Desde principios de siglo se viene diciendo que los datos tienen más valor que el oro, o simplemente que son el oro del siglo XXI.
La revolución de los datos nunca ha sido tan paradójica. En el mismo instante en que el Derecho se esfuerza por proteger la privacidad real de las personas, la tecnología avanza hacia un territorio donde esos datos ya no pertenecen a nadie. Me refiero a los datos sintéticos, que son aquellos generados por modelos estadísticos o algoritmos que imitan patrones humanos sin copiar información concreta. Dichos datos representan un nuevo horizonte para la economía digital, y lógicamente un desafío para la teoría jurídica.
Y es que, si un sistema puede crear información “ficticia” que reproduce la estructura de datos personales, sin revelar ninguna identidad concreta, se abre la posibilidad de entrenar modelos de inteligencia artificial, probar sistemas de seguridad o realizar investigaciones sin vulnerar la protección de datos personales. En apariencia, todo parece encajar en una lógica de cumplimiento normativo impecable, ya que si no hay persona identificada o identificable, no hay dato personal. Obvio. Pero el Derecho, especialmente el Derecho Digital, rara vez se mueve por apariencias.
La primera cuestión es de concepto: ¿cuándo un dato deja de ser personal? Pues bien, el artículo 4.1 del Reglamento General de Protección de Datos (RGPD) no deja lugar a dudas, ya que indica que la clave está en la identificabilidad, directa o indirecta. Sin embargo, la frontera entre un dato real y uno sintético es difusa. Los algoritmos generativos pueden incorporar rastros estadísticos tan precisos que permitan reconstruir o inferir la existencia de una persona real. En ese caso, cabe preguntarse si seguimos ante un dato no personal o ante una especie “híbrida” que conserva parte de la huella original.

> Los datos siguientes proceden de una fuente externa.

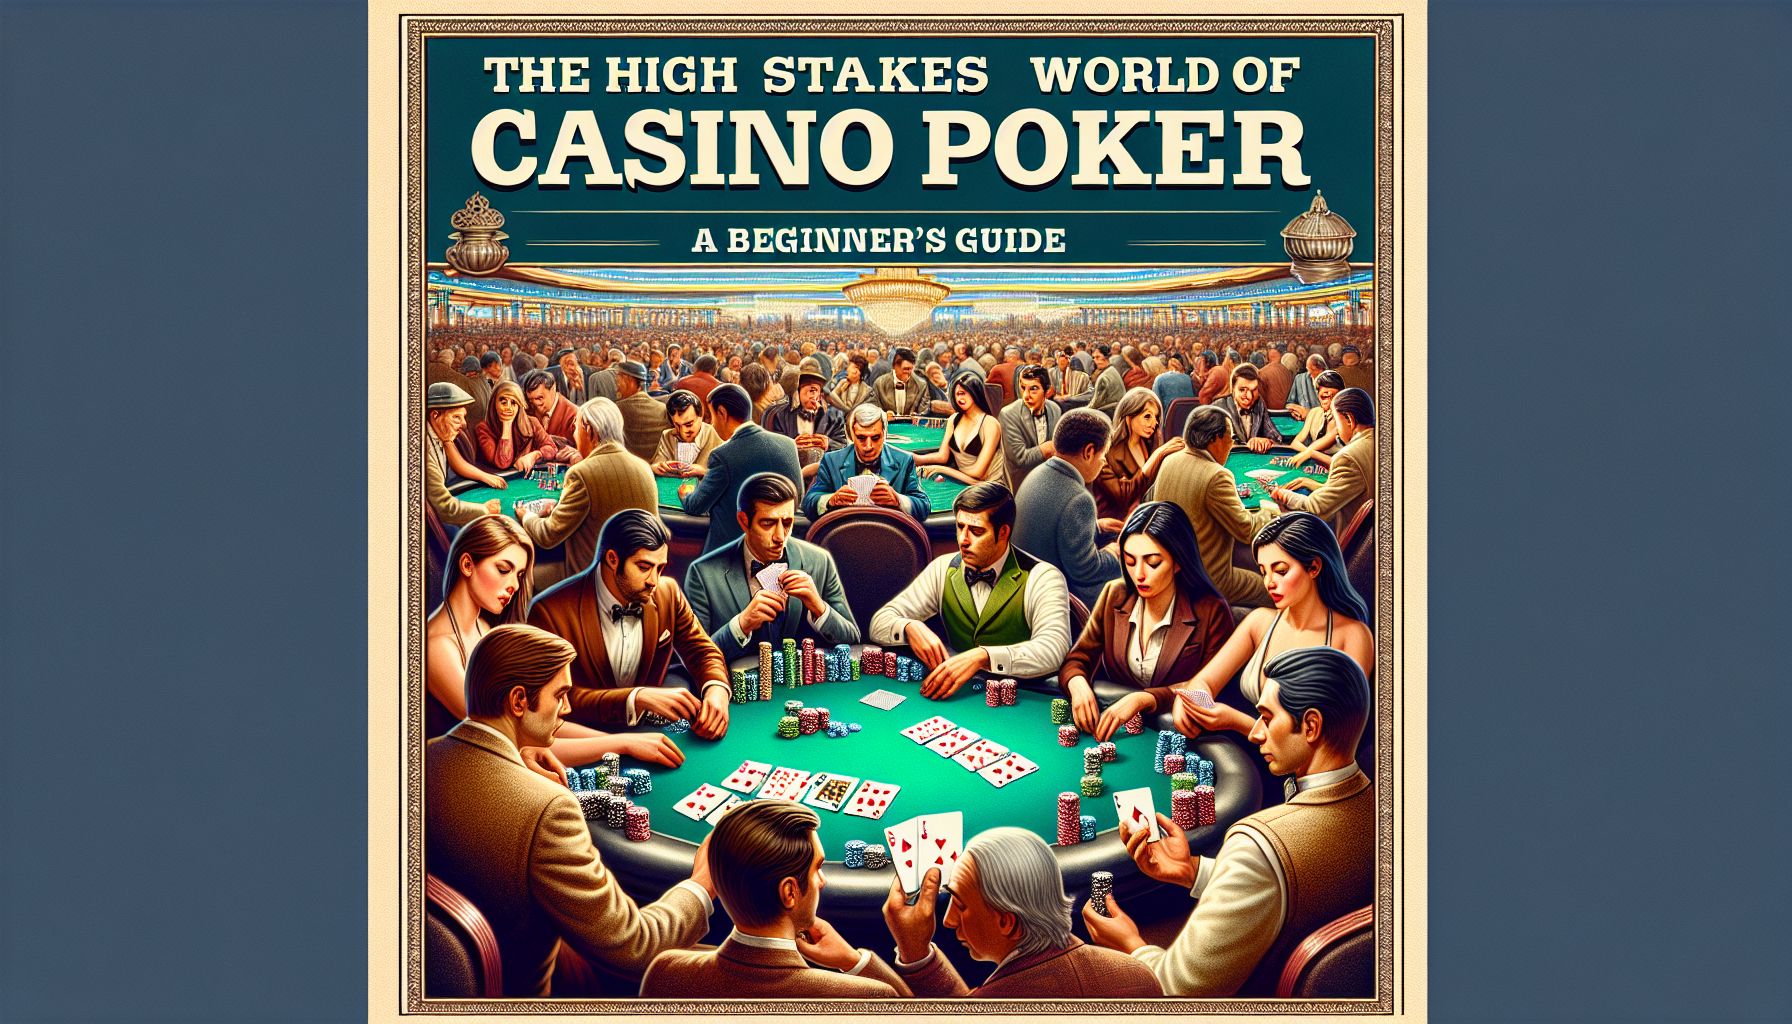 The High Stakes World of Casino Poker: A Beginner’s Guide

A medida que los sistemas de generación sintética se perfeccionan, también se multiplican los riesgos jurídicos. El legislador europeo ha apostado por un marco que distingue entre datos personales y datos anónimos, pero apenas ha comenzado a plantear una categoría intermedia para estos supuestos.
El RGPD no aborda de manera expresa el estatuto de los datos sintéticos, pese a que su uso se extiende en proyectos de investigación médica, predicción financiera o entrenamiento de algoritmos. La ausencia de regulación específica se puede ver como un vacío normativo, aunque habría que discrepar de ello. En realidad, parece que lo que falla no es tanto la normativa, sino la carencia de guías claras para aplicar estos datos.
Y aquí entra la problemática de los sesgos, adquiriendo el debate un matiz ético. Si los datos sintéticos son fruto de la inferencia y no de la observación, ¿hasta qué punto reproducen los sesgos del mundo real? Un conjunto de datos artificial puede eliminar nombres y direcciones, pero conservar la distribución desigual de género, etnia o renta. El problema no está en la identidad, sino en la representación. Y el Derecho, diseñado para proteger personas, no siempre dispone de herramientas para proteger representaciones inexactas o injustas del colectivo.
De ahí que muchos juristas comiencen a hablar de una “responsabilidad difusa” en la producción y uso de datos sintéticos. No se trata de proteger a alguien en concreto, sino de asegurar que el proceso de generación no perpetúe estructuras discriminatorias o falsifique la realidad de forma significativa. En ese sentido, los datos sintéticos no son una negación de los datos personales, sino su prolongación cultural, un intento de mantener la utilidad de la información sin la carga de la identidad. Pero esa promesa técnica puede volverse contra su propio propósito si el resultado final sigue condicionando decisiones humanas con efectos jurídicos.
Resulta revelador observar cómo los equipos de cumplimiento normativo y los departamentos de privacidad comienzan a debatir sobre el grado de anonimización exigible en los datos sintéticos. Algunos sostienen que basta con demostrar que no existe correlación directa entre el dato generado y una persona real. Los más precavidos insisten en que no basta con ocultar datos personales sino que hay que evaluar el riesgo de que alguien pueda volver a identificarlos de forma indirecta, especialmente cuando se cruzan diferentes bases de datos. En ese matiz técnico se juega una parte del futuro del cumplimiento en inteligencia artificial.
Estamos ante una nueva categoría ontológica: datos que no existen, pero que influyen; datos que no identifican, pero que deciden. El reto ya no es distinguir entre lo real y lo falso, sino entre lo jurídicamente relevante y lo digitalmente posible. Mientras tanto, los datos sintéticos siguen expandiéndose, poblando laboratorios, universidades y empresas, como si fueran un espejo donde la sociedad se contempla sin saberse observada. En el futuro, ¿qué será real o falso?